Climate models, both global and regional, have increased in sophistication and are being run at increasingly higher resolutions. The Land Surface Models (LSMs) coupled to these climate models have evolved from simple bucket models to sophisticated Soil-Vegetation-Atmosphere Transfer (SVAT) schemes needed to support complex linkages and processes. However, some underpinnings of terrestrial hydrologic parameterizations so crucial in the predictions of surface water and energy fluxes cause model errors that often manifest as non-linear drifts in the dynamic response of land surface processes. This requires the improved parameterizations of key processes for the terrestrial hydrologic scheme to improve the model predictability in surface water and energy fluxes. The Common Land Model (CLM), one of state-of-the-art LSMs, is the land component of the Community Climate System Model (CCSM). However, CLM also has energy and water biases resulting from deficiencies in some parameterizations related to hydrological processes.
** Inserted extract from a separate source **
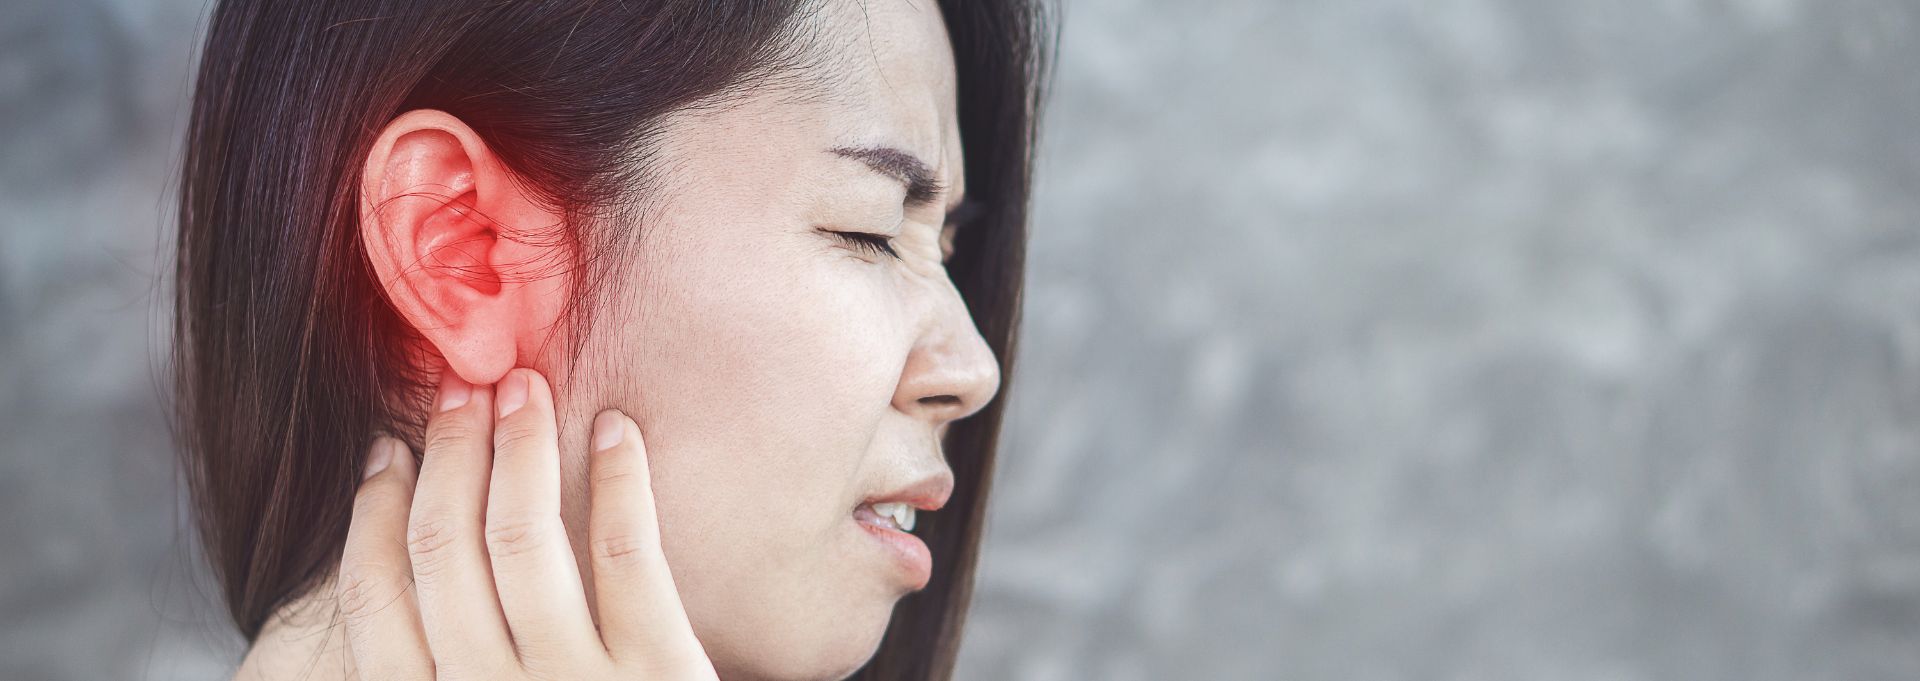 Earwax Removal: Say Goodbye to Ear Pain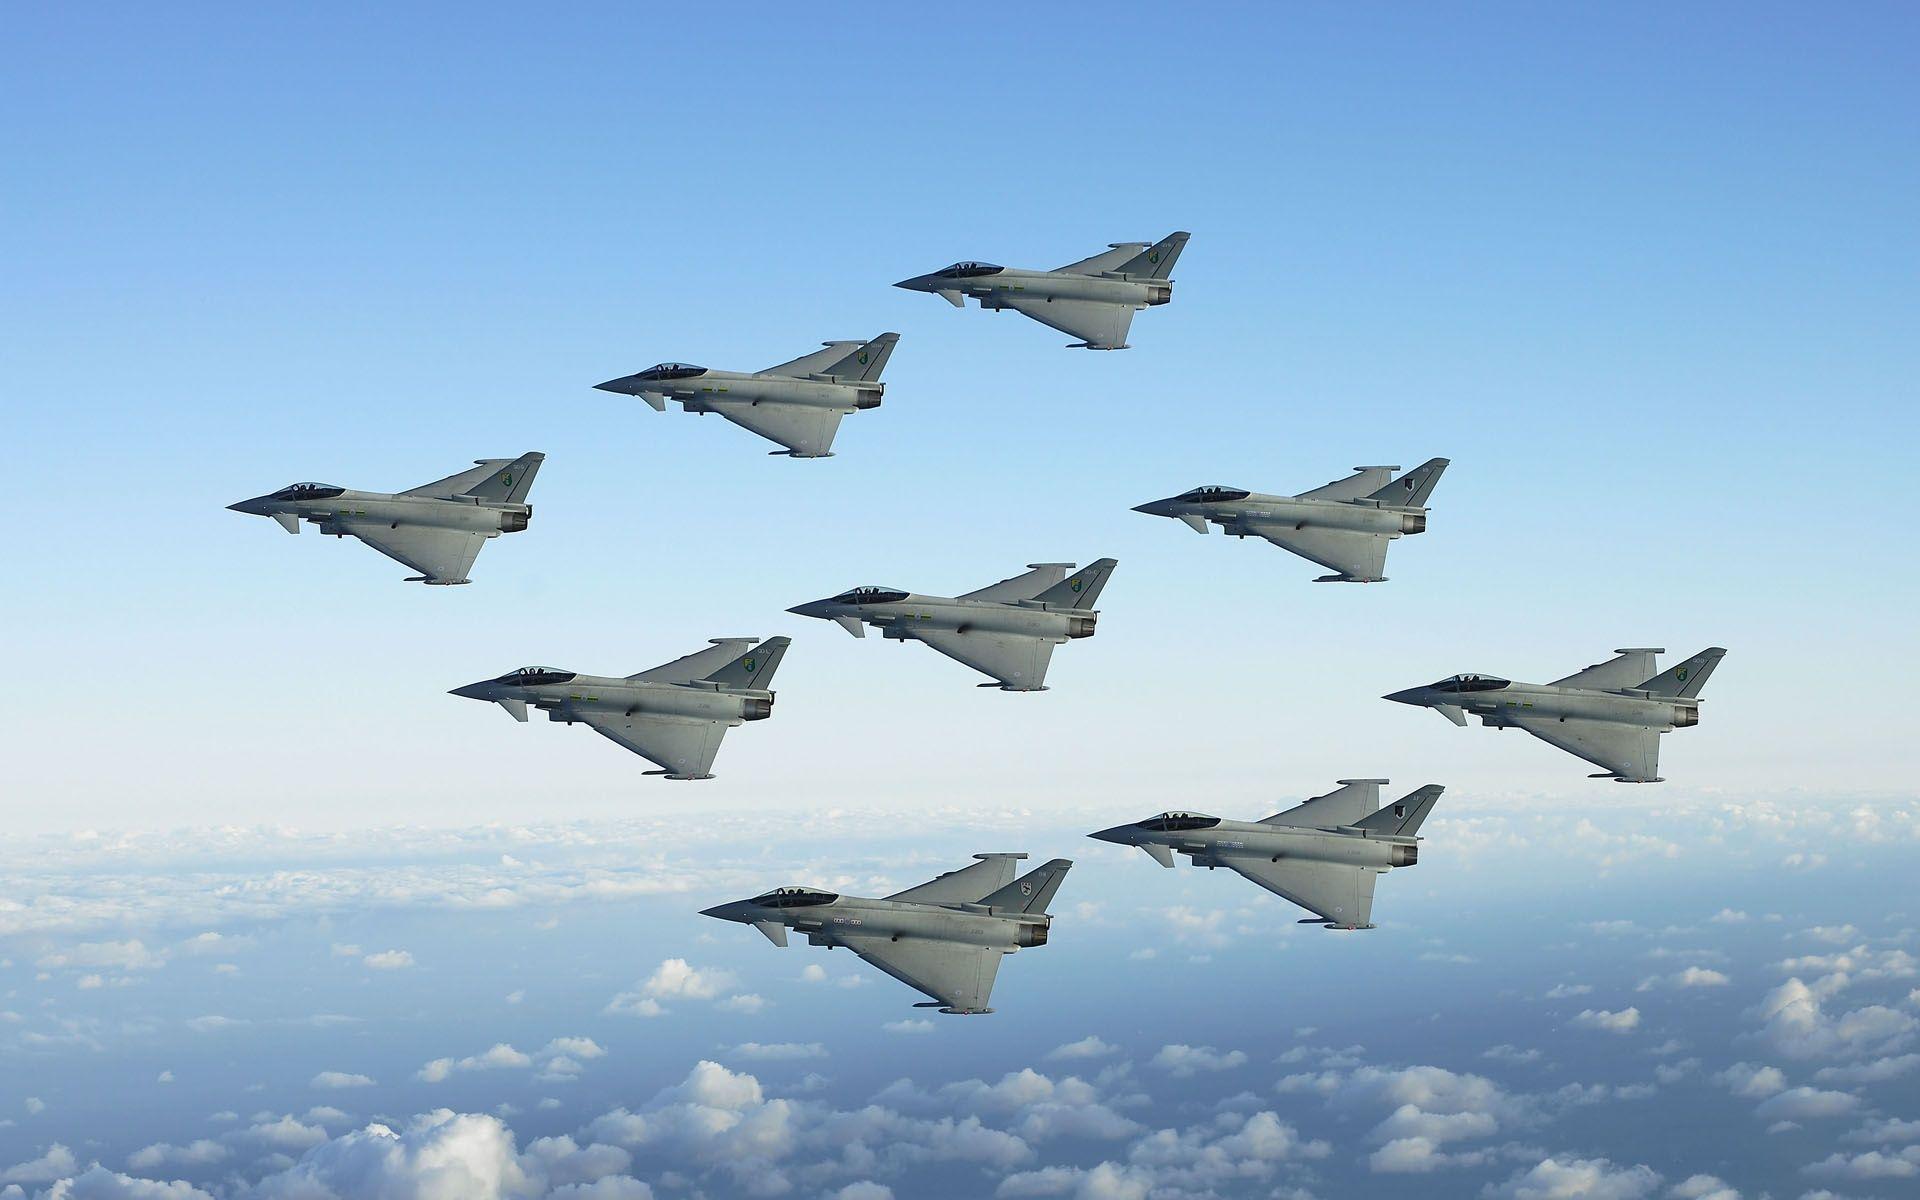 Jet Fighters Sky Formation Position HD Wallpapers in HD

This research presents the implementation of a selected set of parameterizations and their effects on the runoff prediction. The modifications consist of new parameterizations for soil hydraulic conductivity, water table depth, frozen soil, soil water availability, and topographically controlled baseflow. The results from a set of offline simulations are compared with observed data to assess the performance of the new model. It is expected that the advanced terrestrial hydrologic scheme coupled to the current CLM can improve model predictability for better prediction of runoff that has a large impact on the surface water and energy balance crucial to climate variability and change studies.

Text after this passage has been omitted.